Tech

Scientists Generate Electricity from Sewage with 'Wired Microbes'

Catherine Griffin
First Posted: Sep 17, 2013 12:26 PM EDT

When you think of electricity, you don't necessarily think of sewage. Yet they may have more in common than you might first think. Scientists have created a new way to generate electricity from sewage using naturally-occurring "wired microbes" that act as mini power plants.

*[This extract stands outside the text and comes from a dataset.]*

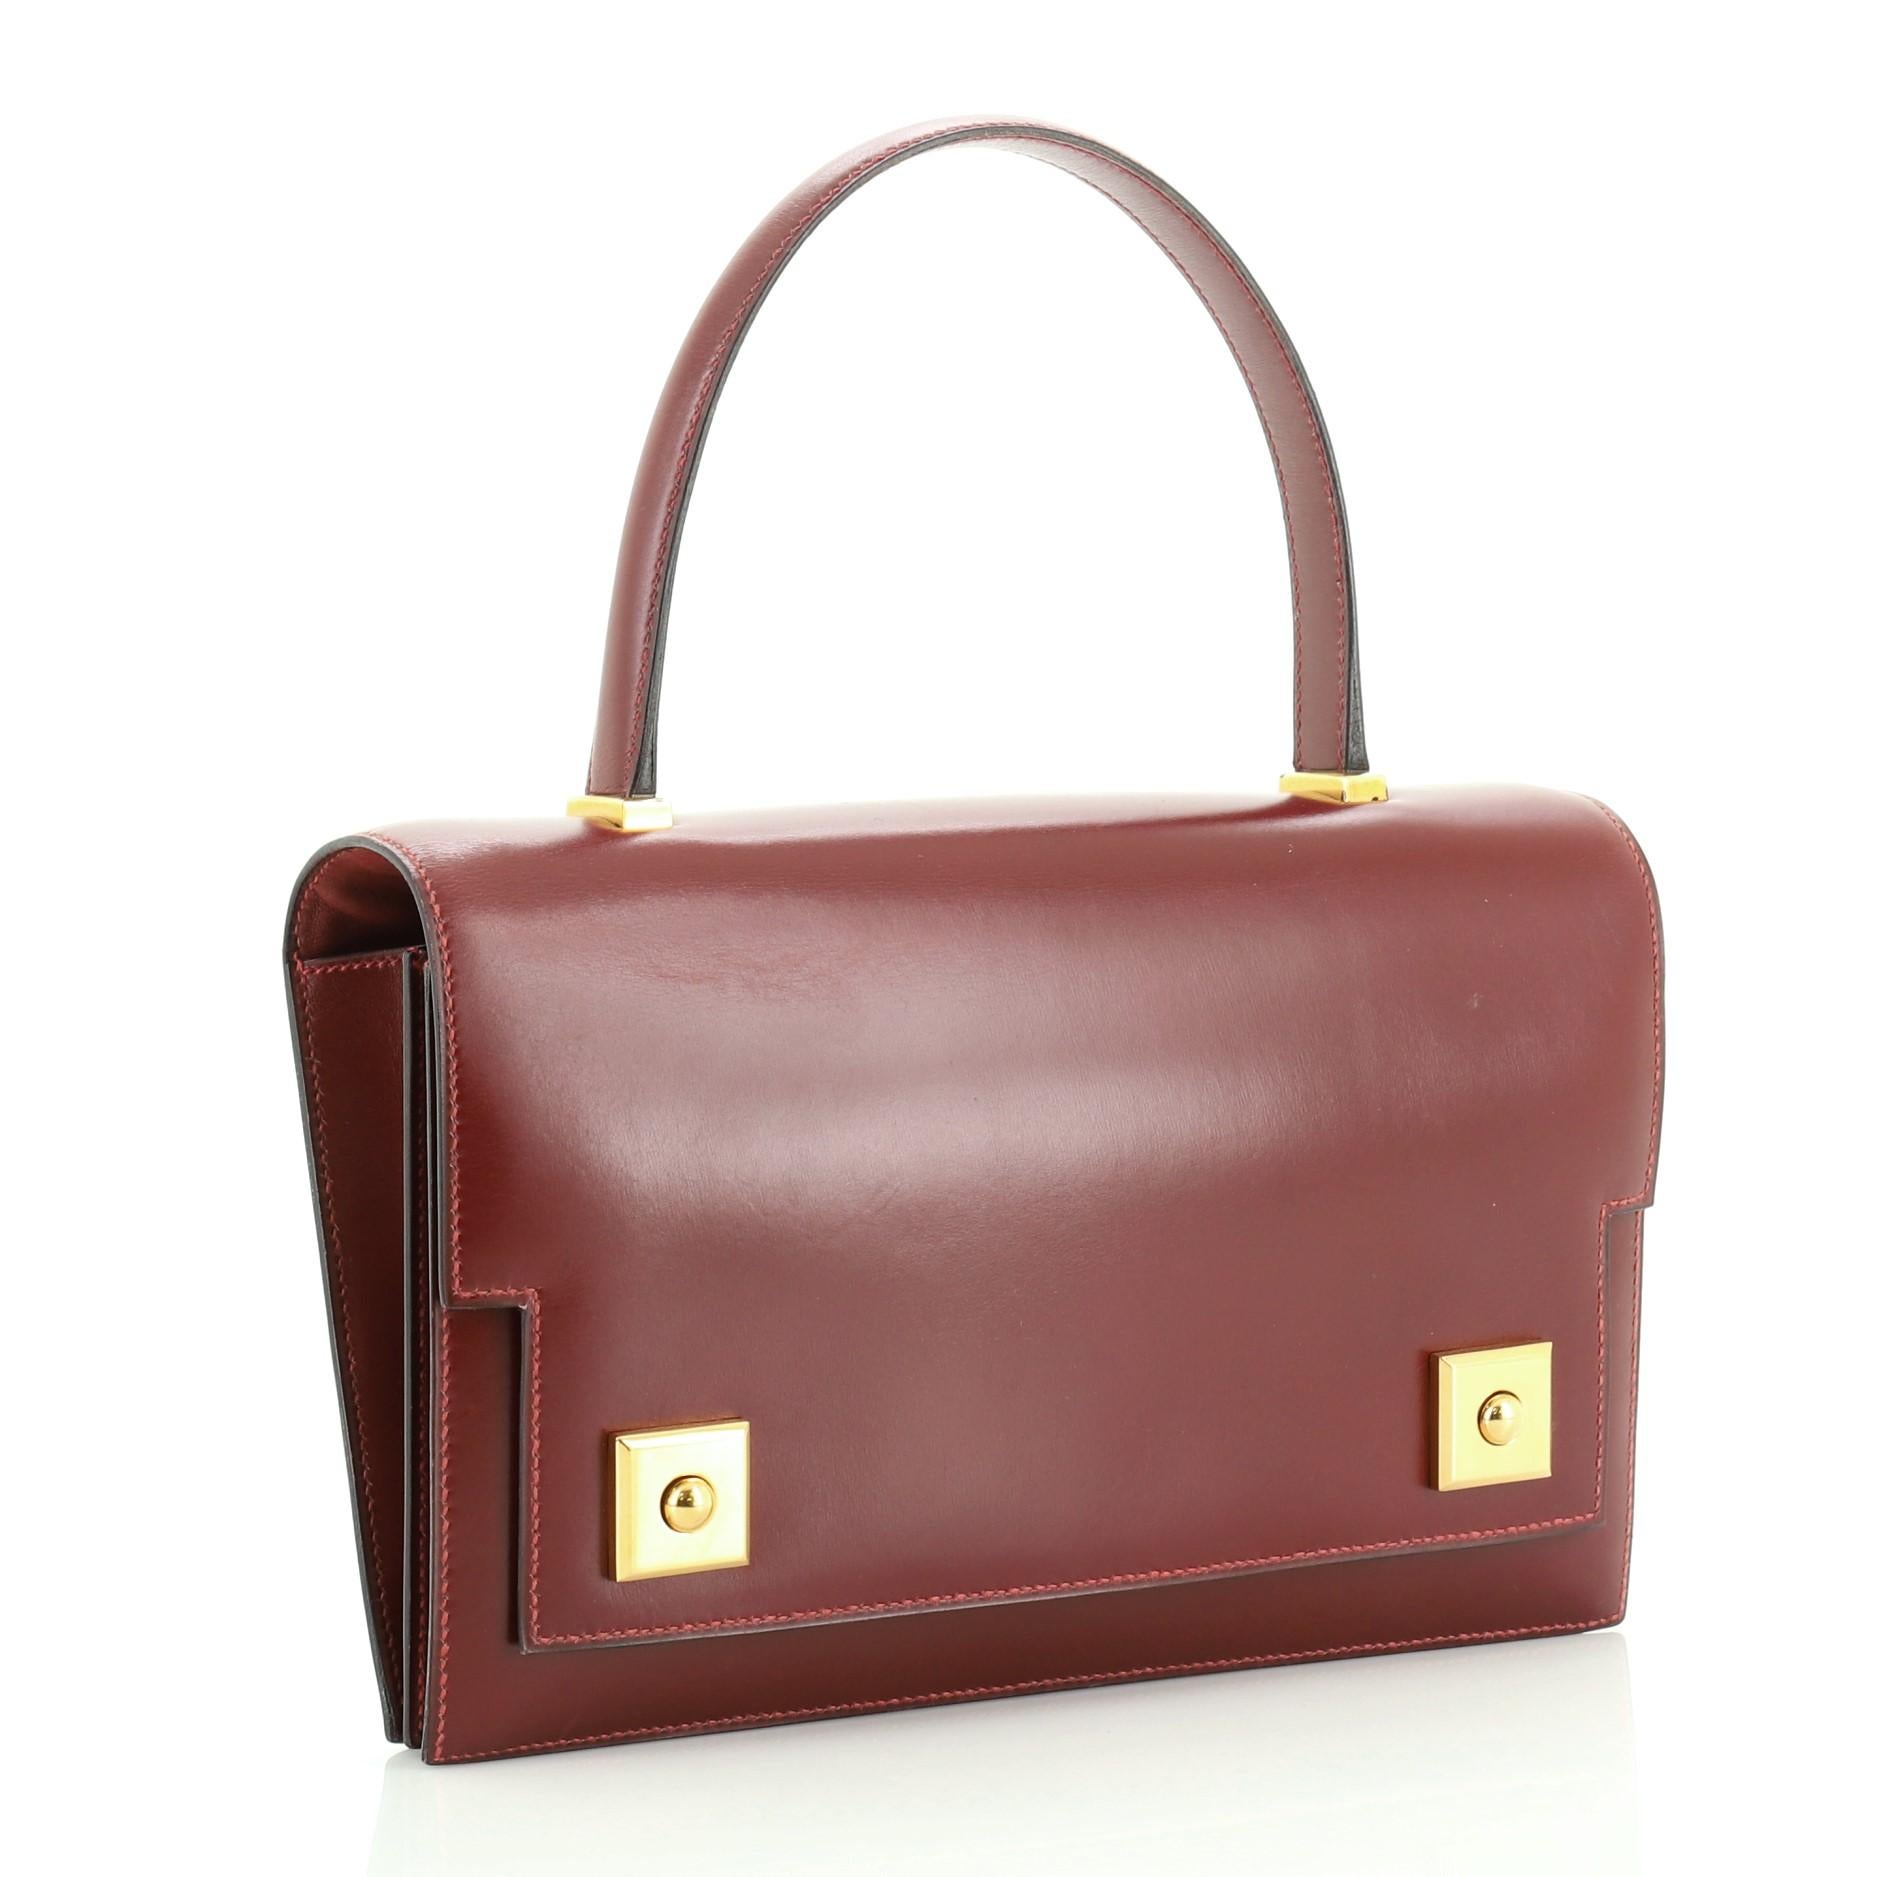 This Hermes Piano Handbag Box Calf, crafted from Rouge H red Box Calf leather, features a leather top handle, frontal flap, and gold hardware. Its magnetic peg-in-hole closures open to a Rouge H red Agneau leather interior with dual compartments,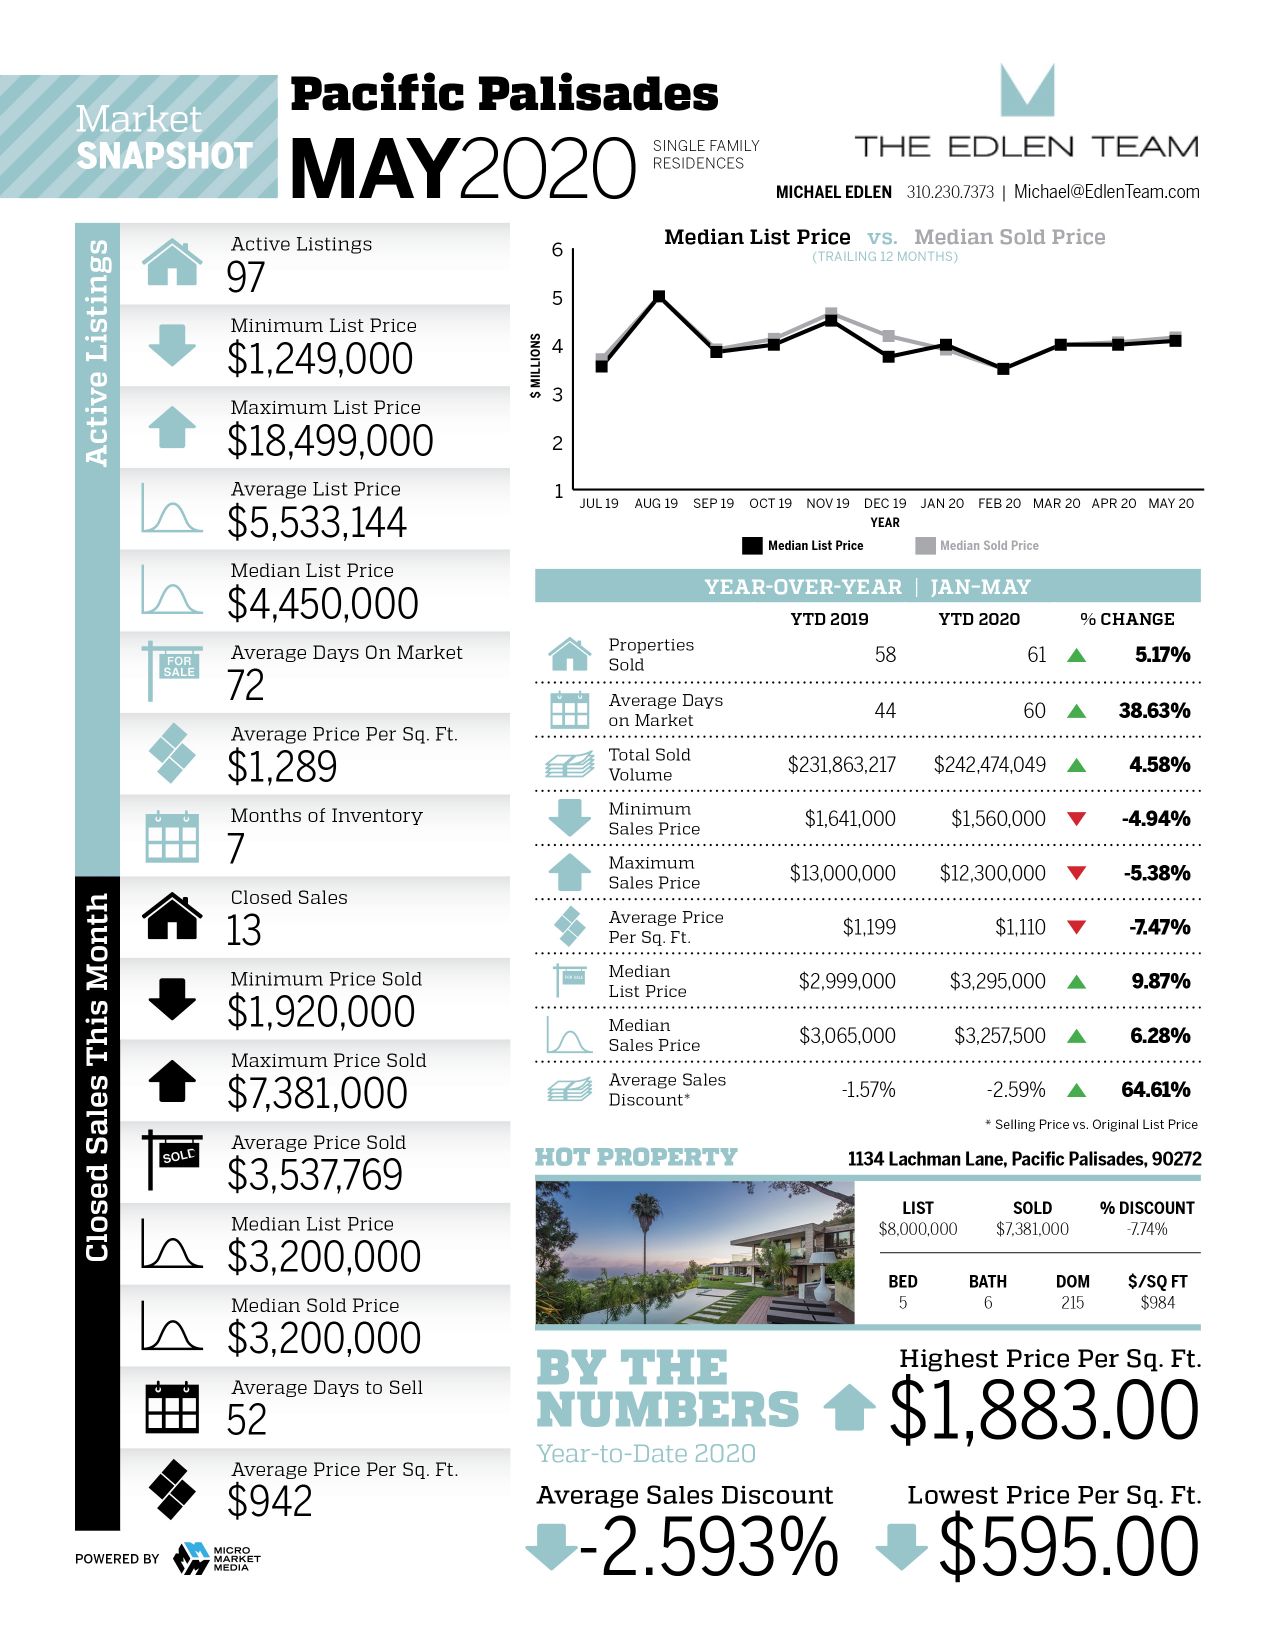 Pacific Palisades Market Report for May 2020

Scientists have long known of the existence of exoelectrogenic microbes. These organisms evolved in airless environments and developed the ability to react with oxide minerals rather than breathe oxygen in order to convert organic nutrients into biological fuel. For years, researchers have tried to find ways to use these microbes as bio-generators, but making this an energy efficient method has proven to be difficult.

The new microbial battery that the researchers designed seems to overcome that issue, though. It's about the size of a D-cell battery and looks like a chemistry experiment with two electrodes plunged into a bottle of wastewater. Inside this murky vial, attached to the negative electrode, an unusual type of bacteria feast on particles of organic waste and produce electricity that is then captured by the battery's positive electrode.

"We call it fishing for electrons," said Craig Criddle, one of the researchers, in a news release.

More specifically, wired microbes cling to carbon filaments at the battery's negative electrode. As they ingest organic matter and convert it to biological fuel, their excess electrons flow into the carbon filaments and across to the positive electrode. Made of silver oxide, this positive electrode attracts electrons. The electrons gradually reduce the silver oxide to silver, storing the spare electrons in the process.

Currently, the microbial battery can extract about 30 percent of the potential energy locked in waste water. That's about as efficient as the best solar cells converting sunlight into electricity. That said, there's far less energy potential in waste water. Even so, the technique could potentially help offset some of the electricity that we use to treat water in sewage plants.

That's not to say that the battery is currently financially feasible. Silver is far too expensive to use on a large scale, which means that the researchers will have to find another way to achieve the same result. In the future, though, this method could help plants filter sewage by generating electricity.

The findings are published in the journal Proceedings of the National Academy of Sciences.